(Dataset content):
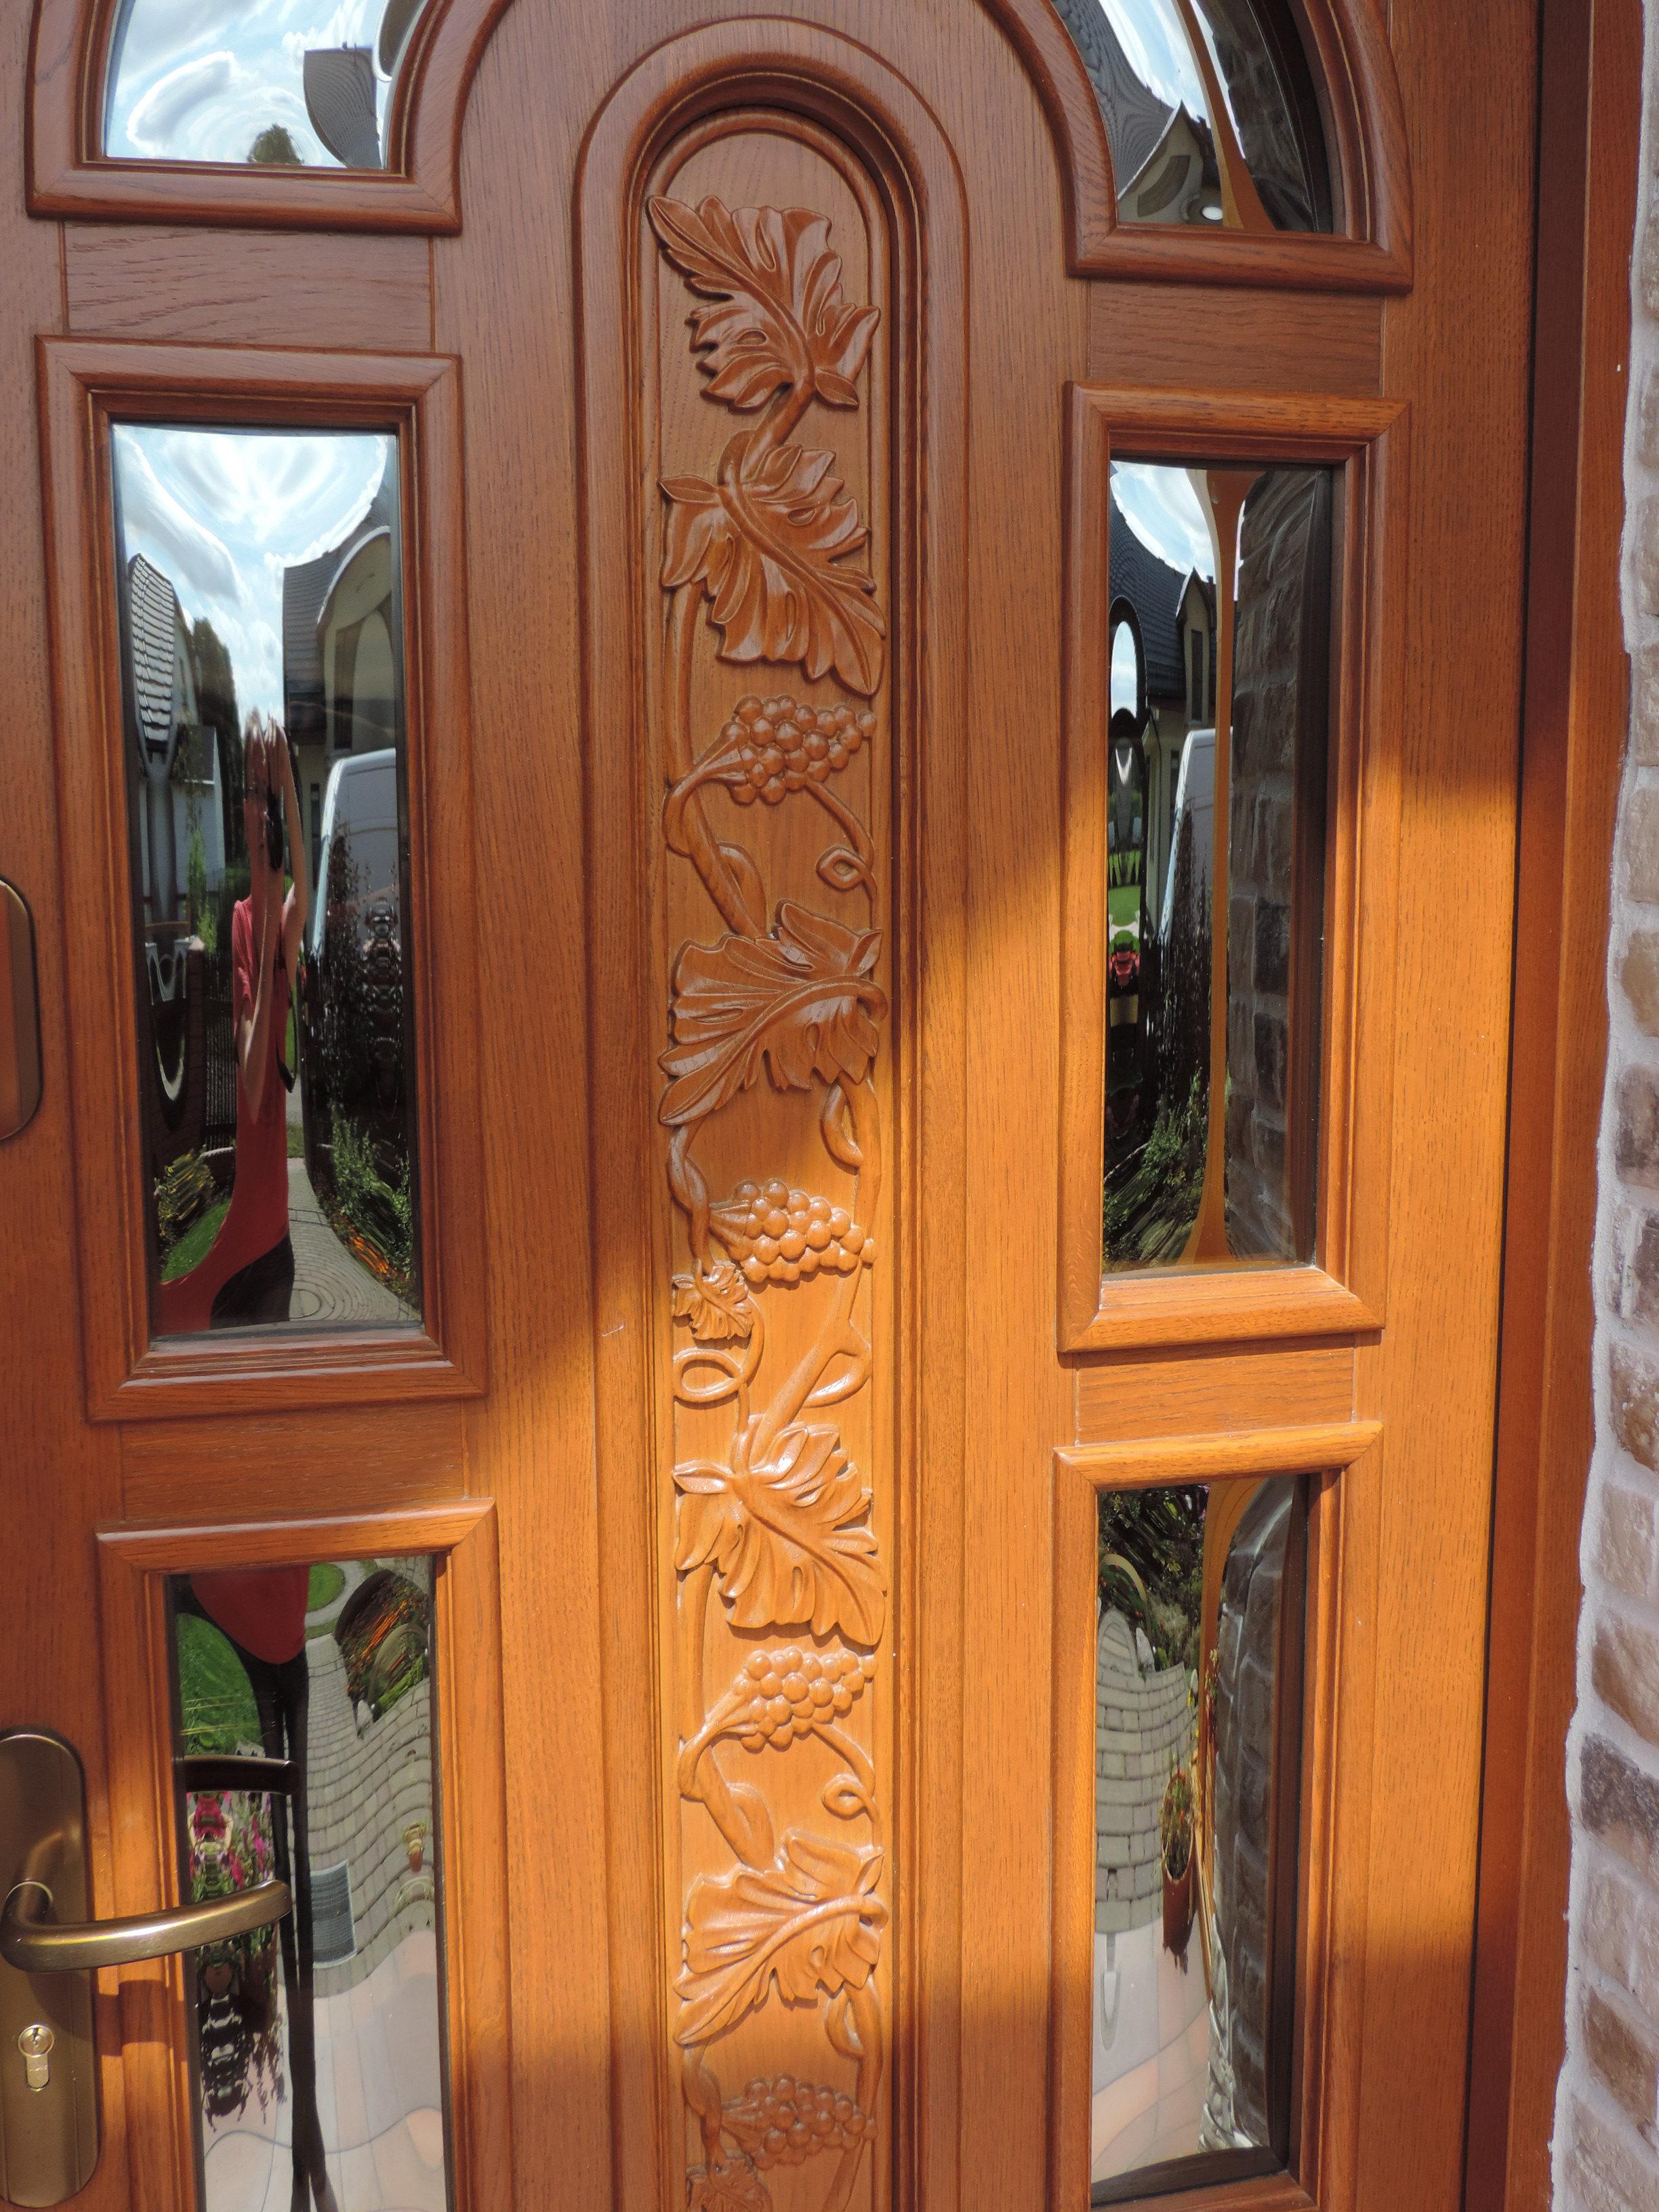 rzeźbiona część środkowa drzwi - kiście winogron, szyba w pełni bezpieczna
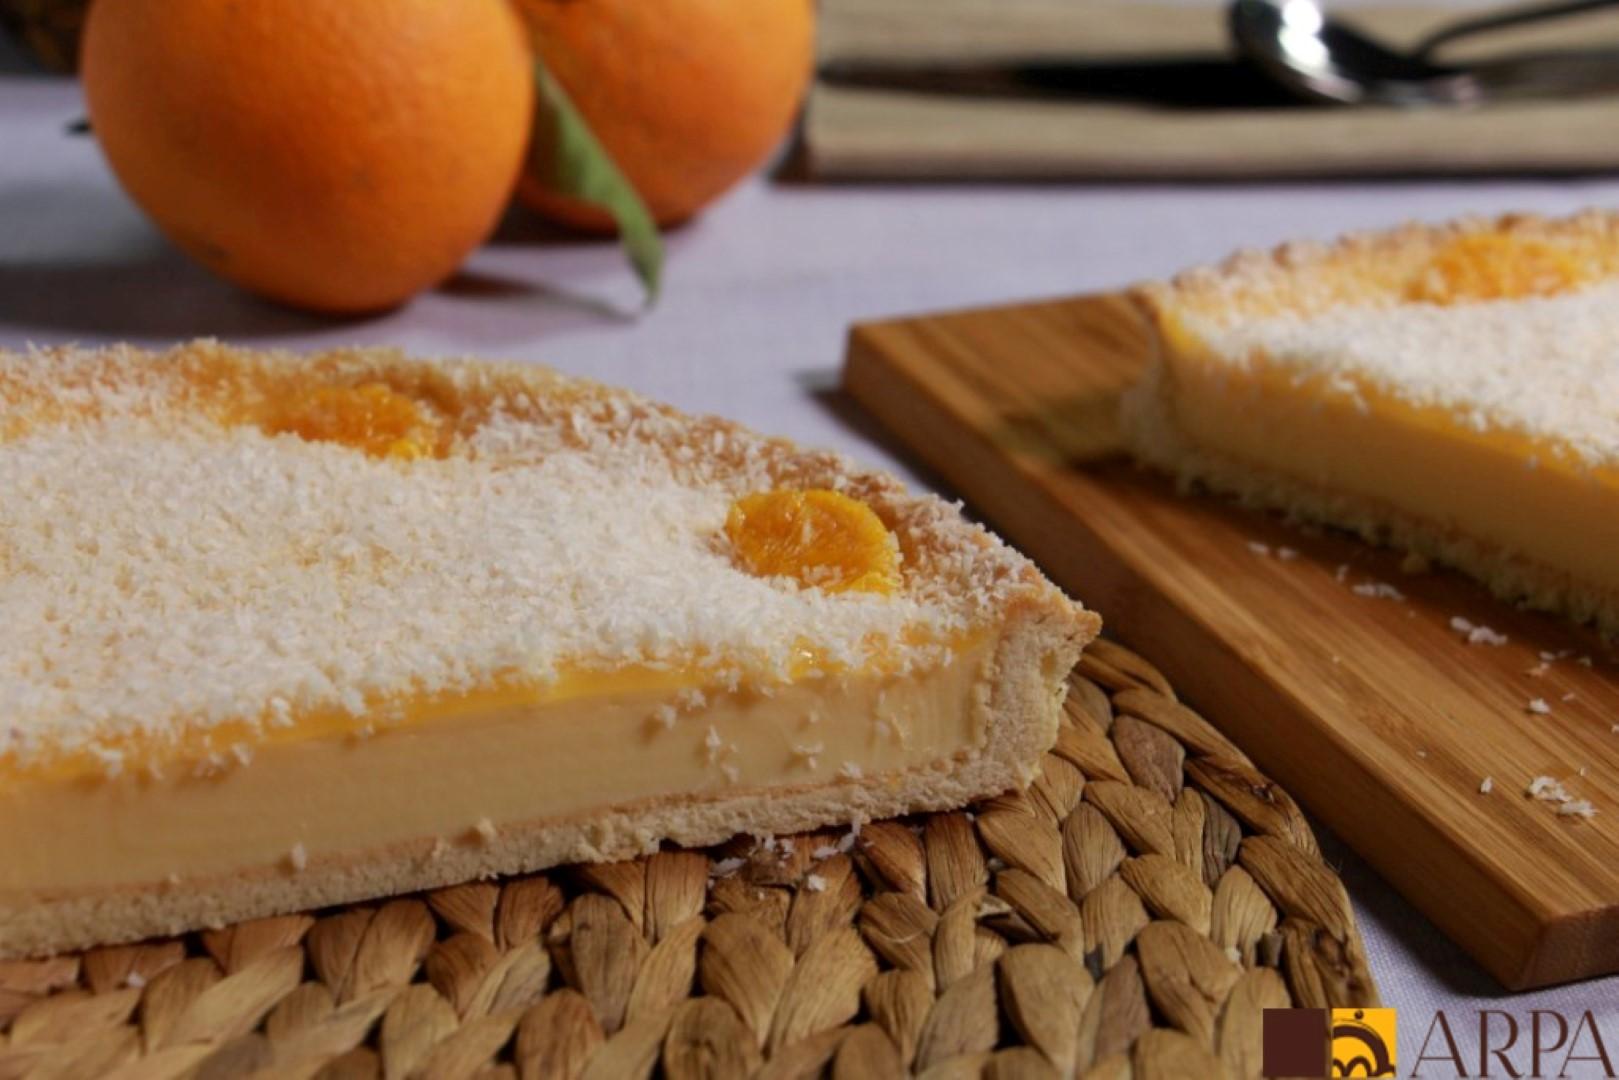 Tarta de galleta rellena de crema pastelera y cubierta con naranja
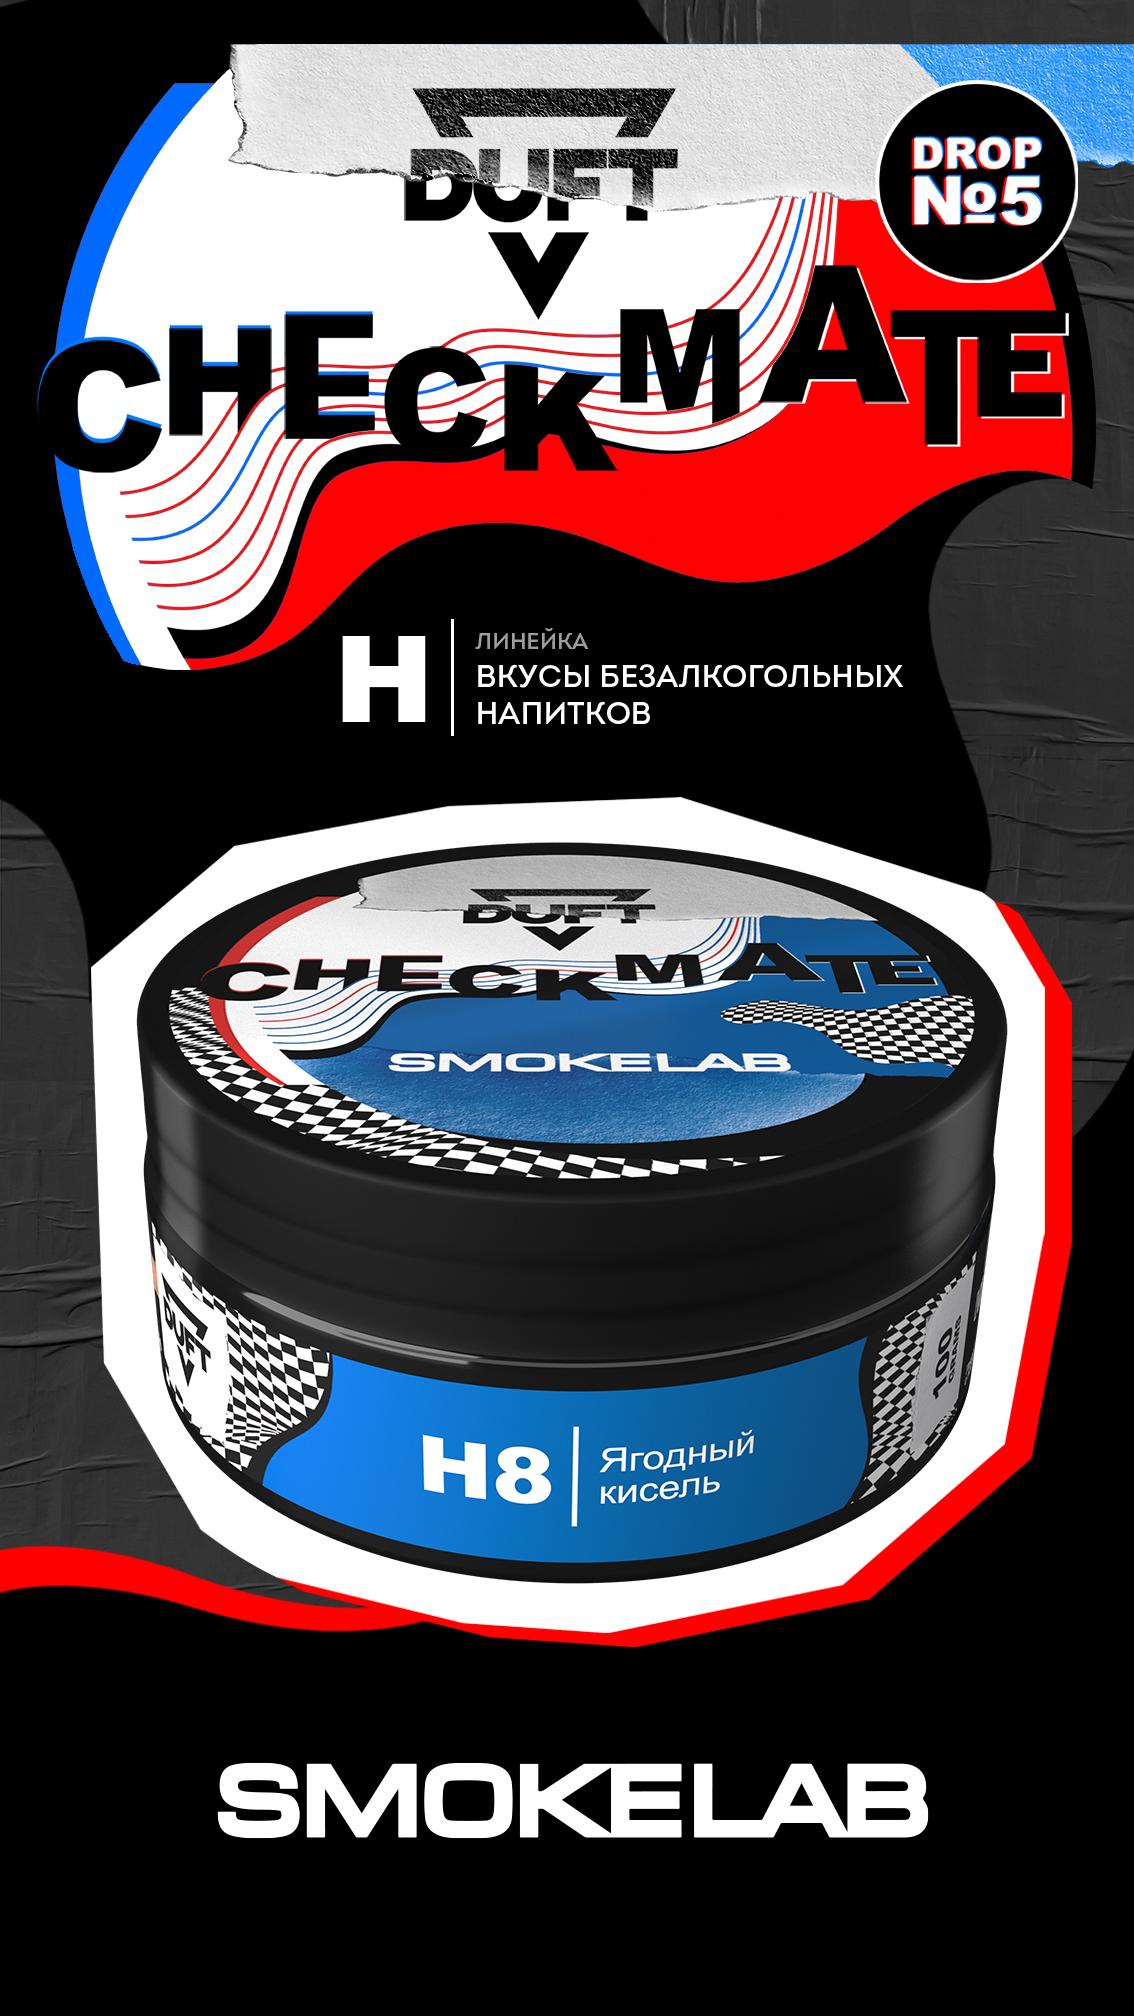 H8 Ягодный кисель

(Problem statement): Could you print the listing above exactly, without the pictures?

(Result):
 rzeźbiona część środkowa drzwi - kiście winogron, szyba w pełni bezpieczna
 Tarta de galleta rellena de crema pastelera y cubierta con naranja
 H8 Ягодный кисель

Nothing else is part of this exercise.